INPUT DATA: Begin
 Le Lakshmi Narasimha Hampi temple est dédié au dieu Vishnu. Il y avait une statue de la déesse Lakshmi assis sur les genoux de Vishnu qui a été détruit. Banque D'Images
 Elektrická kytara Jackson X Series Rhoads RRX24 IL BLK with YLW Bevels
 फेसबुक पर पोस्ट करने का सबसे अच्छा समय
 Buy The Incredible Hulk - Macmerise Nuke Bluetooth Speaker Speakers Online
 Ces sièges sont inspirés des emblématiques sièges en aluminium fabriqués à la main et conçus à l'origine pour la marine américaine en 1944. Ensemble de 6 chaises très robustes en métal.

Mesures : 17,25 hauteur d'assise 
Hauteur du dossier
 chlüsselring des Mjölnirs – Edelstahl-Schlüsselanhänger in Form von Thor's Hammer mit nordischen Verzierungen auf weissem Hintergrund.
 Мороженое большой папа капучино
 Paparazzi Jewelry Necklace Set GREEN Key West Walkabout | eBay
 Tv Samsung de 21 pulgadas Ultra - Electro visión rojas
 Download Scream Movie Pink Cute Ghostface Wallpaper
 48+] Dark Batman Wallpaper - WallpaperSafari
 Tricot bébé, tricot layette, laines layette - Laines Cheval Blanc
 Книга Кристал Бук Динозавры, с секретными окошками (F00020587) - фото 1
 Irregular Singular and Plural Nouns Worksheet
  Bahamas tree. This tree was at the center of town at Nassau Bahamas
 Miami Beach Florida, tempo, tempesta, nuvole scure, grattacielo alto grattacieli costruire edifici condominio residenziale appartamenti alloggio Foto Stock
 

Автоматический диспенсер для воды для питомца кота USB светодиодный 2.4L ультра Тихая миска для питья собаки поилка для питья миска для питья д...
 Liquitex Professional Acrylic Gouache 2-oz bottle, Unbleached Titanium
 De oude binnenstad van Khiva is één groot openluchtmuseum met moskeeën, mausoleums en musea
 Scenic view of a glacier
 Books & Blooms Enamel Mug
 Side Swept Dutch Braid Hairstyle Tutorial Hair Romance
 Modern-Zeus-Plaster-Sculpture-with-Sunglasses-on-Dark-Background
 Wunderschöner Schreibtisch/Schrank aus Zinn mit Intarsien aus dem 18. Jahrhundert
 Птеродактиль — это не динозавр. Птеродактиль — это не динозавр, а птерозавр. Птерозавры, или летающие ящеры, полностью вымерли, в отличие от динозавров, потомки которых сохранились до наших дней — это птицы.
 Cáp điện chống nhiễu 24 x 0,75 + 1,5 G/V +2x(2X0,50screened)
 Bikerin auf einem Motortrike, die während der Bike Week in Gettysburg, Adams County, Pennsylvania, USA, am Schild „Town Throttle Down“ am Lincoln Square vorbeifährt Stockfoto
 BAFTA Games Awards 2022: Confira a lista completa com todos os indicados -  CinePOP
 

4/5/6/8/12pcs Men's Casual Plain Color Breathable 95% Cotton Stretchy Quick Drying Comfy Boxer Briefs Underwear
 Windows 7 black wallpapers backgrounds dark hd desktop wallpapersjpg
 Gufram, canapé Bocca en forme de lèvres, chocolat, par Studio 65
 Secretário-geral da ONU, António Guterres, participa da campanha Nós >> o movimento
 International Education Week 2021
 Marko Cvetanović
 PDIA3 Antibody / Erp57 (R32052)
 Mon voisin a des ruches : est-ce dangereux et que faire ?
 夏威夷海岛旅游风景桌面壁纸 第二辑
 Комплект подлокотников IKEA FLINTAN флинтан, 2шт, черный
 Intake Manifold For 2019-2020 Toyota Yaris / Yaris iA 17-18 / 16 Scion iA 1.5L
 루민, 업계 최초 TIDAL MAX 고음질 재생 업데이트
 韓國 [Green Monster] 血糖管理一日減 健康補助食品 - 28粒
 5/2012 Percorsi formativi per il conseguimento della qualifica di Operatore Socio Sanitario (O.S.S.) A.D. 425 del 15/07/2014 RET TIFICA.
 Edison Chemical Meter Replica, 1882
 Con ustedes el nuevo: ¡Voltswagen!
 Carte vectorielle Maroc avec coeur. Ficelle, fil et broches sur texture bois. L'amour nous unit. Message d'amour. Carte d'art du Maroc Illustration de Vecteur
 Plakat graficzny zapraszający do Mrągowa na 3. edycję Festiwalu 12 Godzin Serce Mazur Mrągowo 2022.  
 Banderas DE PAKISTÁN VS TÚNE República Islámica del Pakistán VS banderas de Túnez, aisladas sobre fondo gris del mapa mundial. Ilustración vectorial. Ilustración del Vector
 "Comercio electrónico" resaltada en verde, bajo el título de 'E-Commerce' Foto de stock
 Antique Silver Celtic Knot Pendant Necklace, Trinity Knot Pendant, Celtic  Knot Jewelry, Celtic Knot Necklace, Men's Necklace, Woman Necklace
INPUT DATA: End
## WHAT YOU HAVE TO DO
Return, line for line and unchanged, the data from its first line through the line containing "Elektrická kytara Jackson".

## ANSWER FOR THIS EXERCISE
 Le Lakshmi Narasimha Hampi temple est dédié au dieu Vishnu. Il y avait une statue de la déesse Lakshmi assis sur les genoux de Vishnu qui a été détruit. Banque D'Images
 Elektrická kytara Jackson X Series Rhoads RRX24 IL BLK with YLW Bevels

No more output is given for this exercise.